Neither may the rewards of prescription be successfully invoked by respondent, as it is an iron-
clad dictum that prescription can never lie against the Government. Since respondent failed to present
the paper trail of the propertys conversion to private property, the lengthy possession and occupation
of the disputed land by respondent cannot be counted in its favor, as the subject property being a friar
land, remained part of the patrimonial property of the Government. Possession of patrimonial property
of the Government, whether spanning decades or centuries, cannot ipso facto ripen into ownership.
Their claims can hardly evoke judicial compassion. Vigilantibus et non dormientibus jura subveniunt. "If
eternal vigilance is the price of safety, one cannot sleep on ones right for more than a tenth of a century
and expect it to be preserved in its pristine purity"




Verba legis non est recedendum
From the words of the statute there should be no departure.


VICTORIA vs. COMELEC AND JESUS JAMES CALISIN
G.R. 109005;January 10, 1994

Facts:
Due to the suspension of Governor Romeo Salalima of the Province of Albay, Vice-Governor
Danilo Azana automatically assumed the powers and functions of the governor, leaving vacant his post
as vice-governor.
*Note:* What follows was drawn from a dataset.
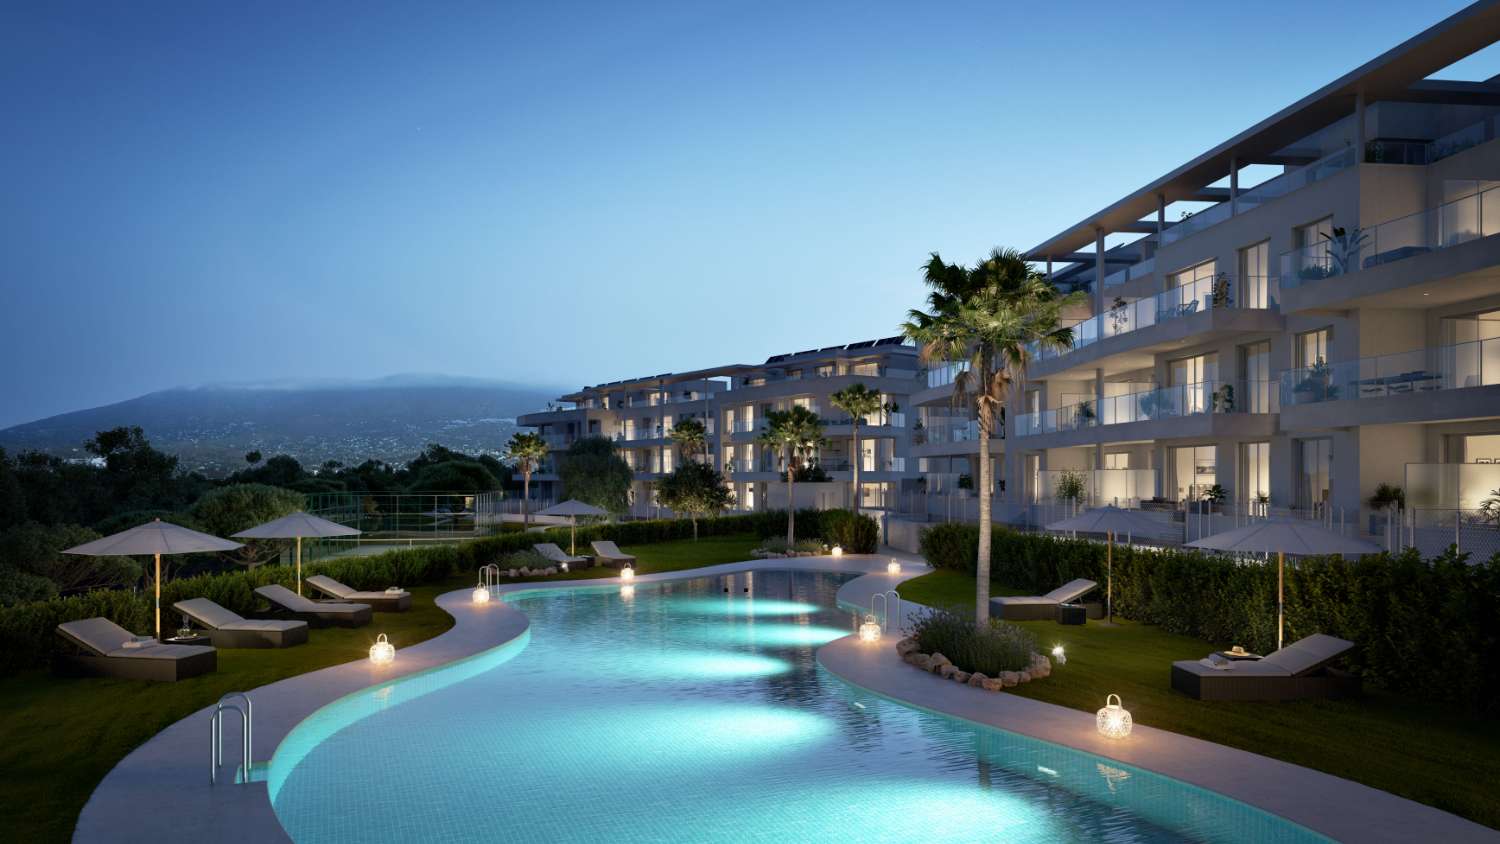 Excellent apartments with sea views in Mijas Costa!
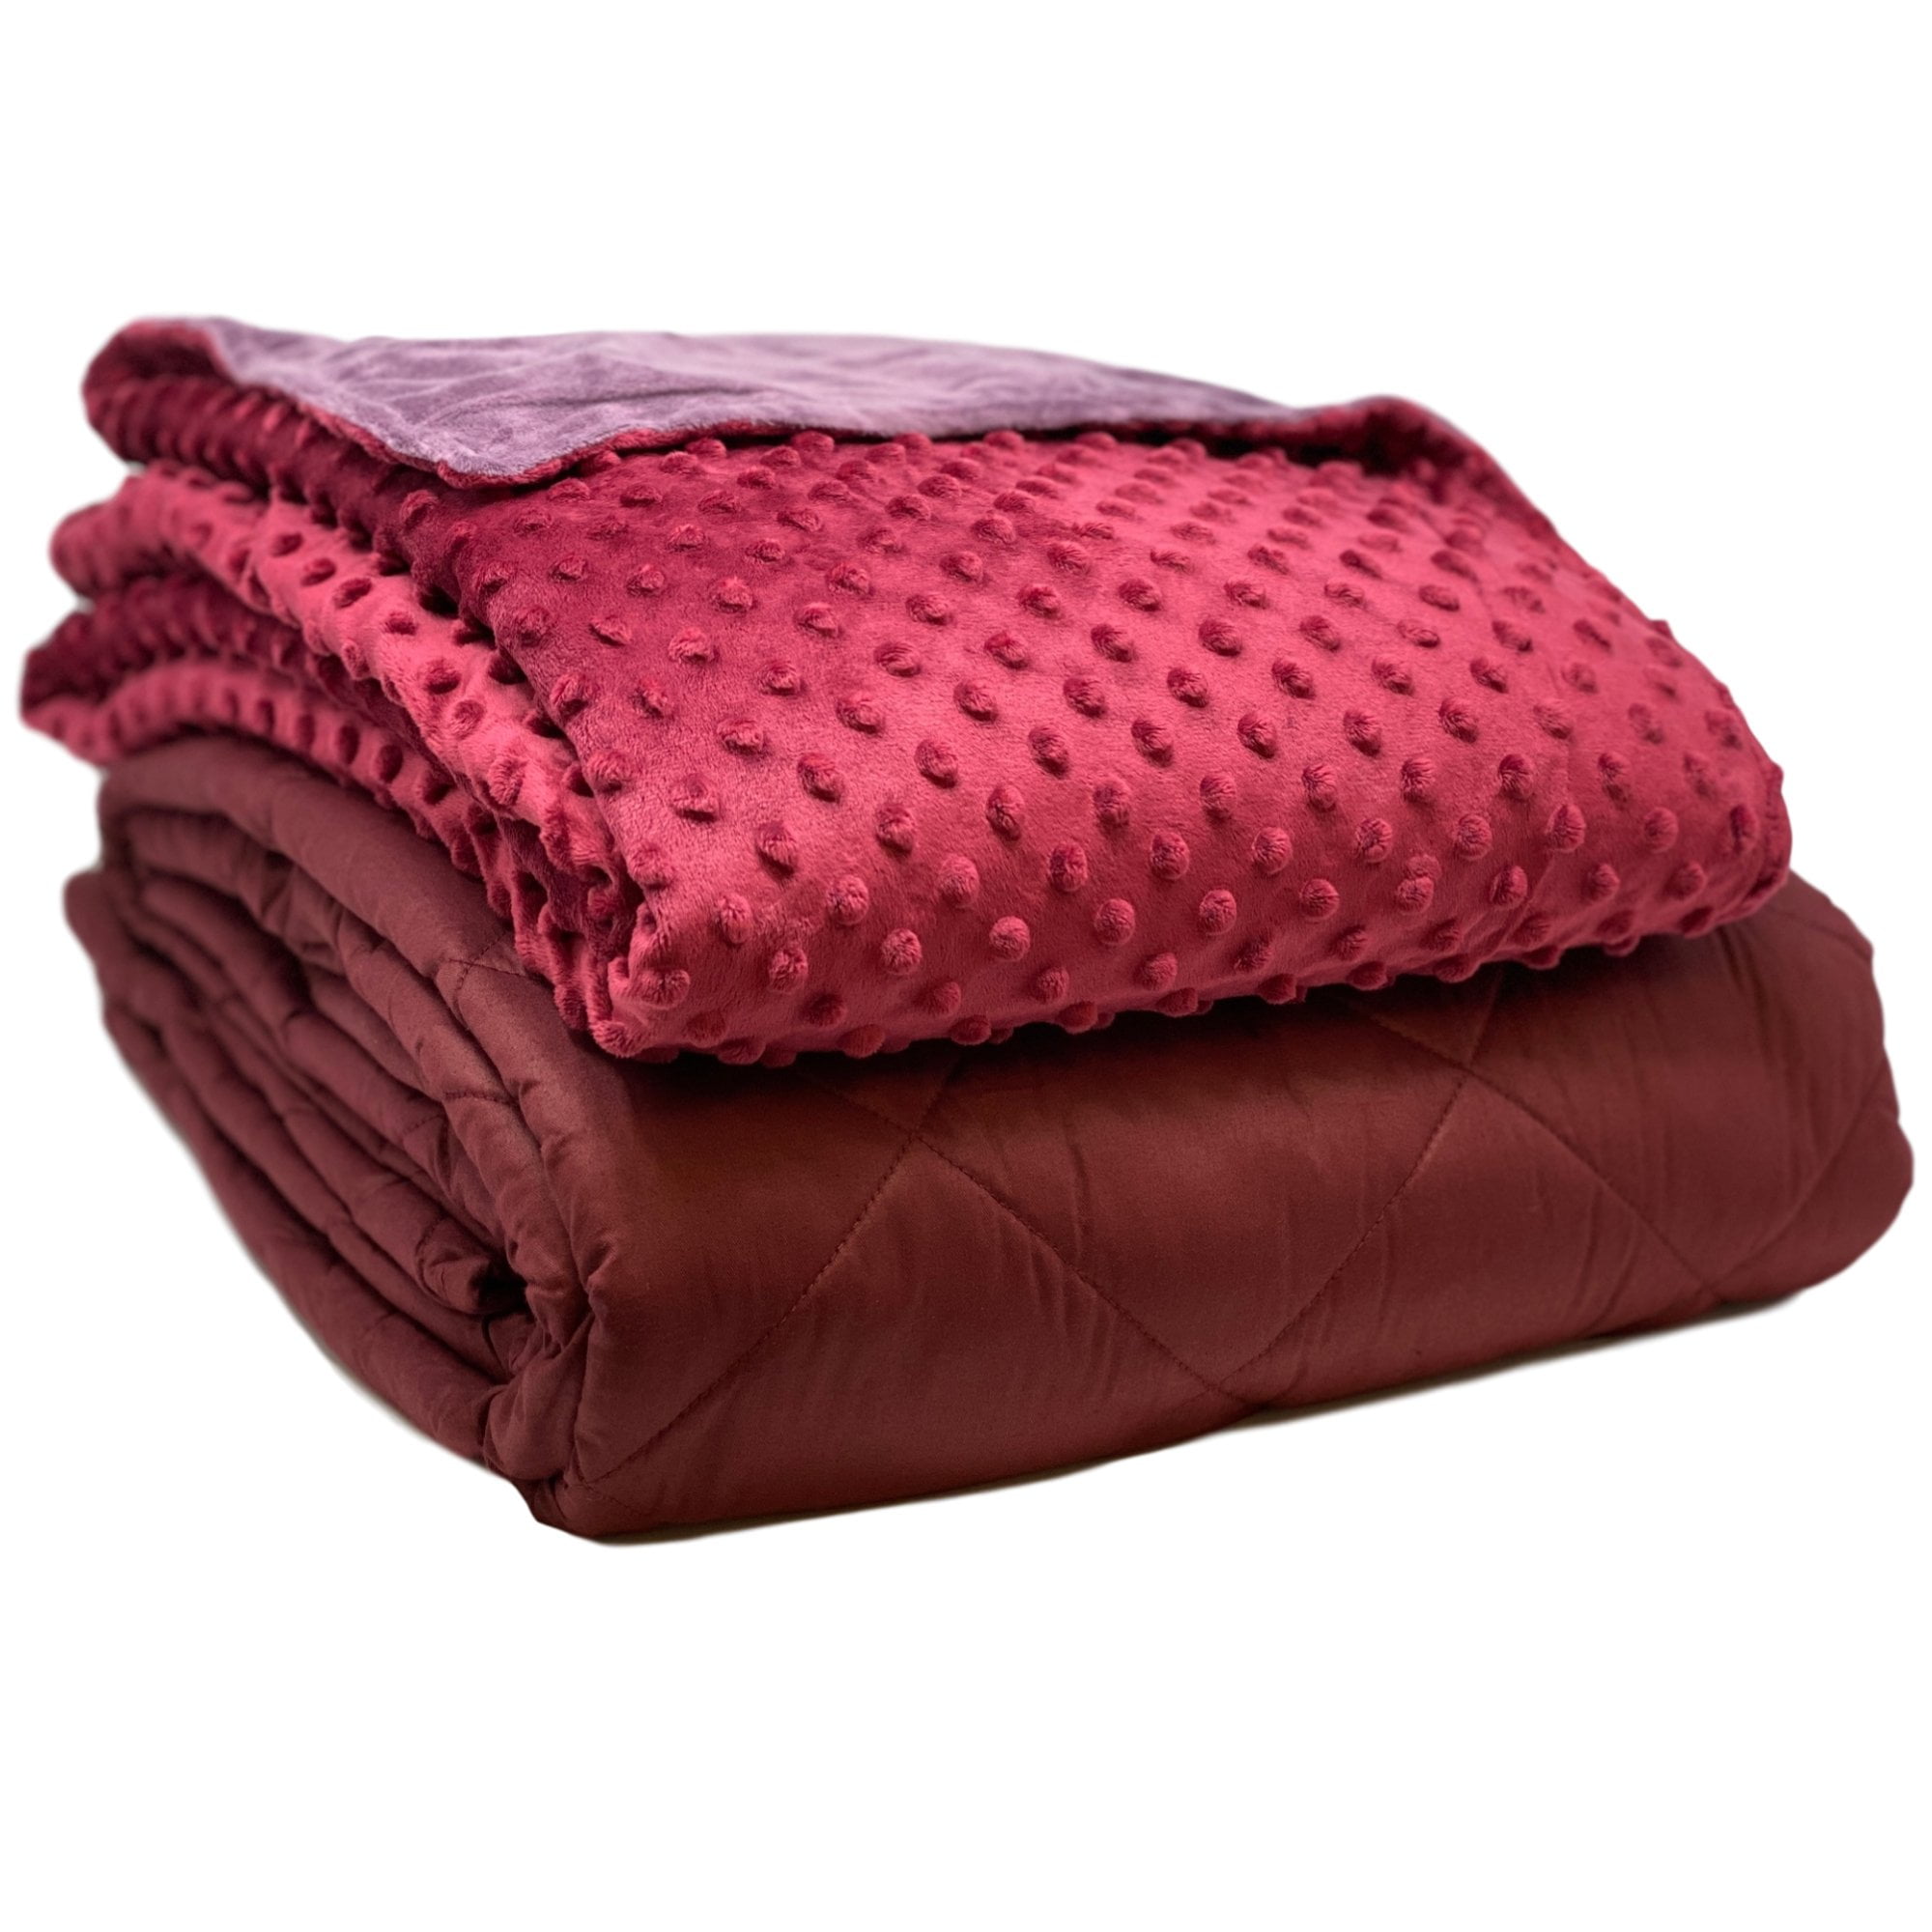 20lbs 60X80-Burgundy COMBO weighted blanket&cover- - Walmart.com

Under the law, Azanas position as vice-governor should be occupied by the highest
ranking Sangguniang member, a post being contested by petitioner and private respondent.
In answer to private respondents petition for his declaration as senior Sanggunian member for
the Province of Albay, the COMELEC issued a resolution dated January 22, 1993, certifying him as first in
the order of ranking, garnering 21.78% out of the total registered voters while petitioner herein as
second ranking member with 21.19%. The COMELEC based its certification on the number of votes
obtained by the Sanggunian members in relation to the number of registered voters in the district.
However the petitioner claims that the ranking of the Sanggunian members should not only be
based on the number of votes obtained in relation to the total number of registered voters, but also on
the number of voters in the district who actually voted therein.

Issue:
The issue at bar is the ranking of the members of the Sangguniang Panlalawigan of the Province
of Albay for purposes of succession.

Held:
The Local Government provides:
For purposes of succession as provided in this Chapter, ranking in the Sanggunian shall be
determined on the basis of the proportion of votes obtained by each winning candidate to the total
number of registered voters in each district in the immediately preceding local election.
The law is clear. In such a case, the Court has no recourse but to merely apply the law. The
courts may not speculate as to the probable intent of the legislature apart from the words.
Petitioners contention is therefore untenable considering the clear mandate of the law, which
leaves no room for other interpretation but it must very well be addressed to the legislative branch and
not to this Court which has no power to change the law.

Under the principles of statutory construction, if a statue is clear, plain and free from ambiguity,
it must be given it literal meaning and applied without attempted interpretation. This plain-meaning rule
or verba legis derived from the maxim, index animi sermo est (speech is the index of intention) rests on
the valid presumption that the words employed by the legislature in a statute correctly express its intent
or will and preclude the court from construing it differently. The legislature is presumed to know the
meaning of the words, to have used words advisely, and to have expressed its intent by the use of such
words as are found in the statute. Verba legis non est recedendum, or from the words of a statute there
should be no departure
No grave abuse of discretion on the part of the COMELEC in issuing the Resolution dated
January 22, 1999 was committed. The petition is DISMISSED.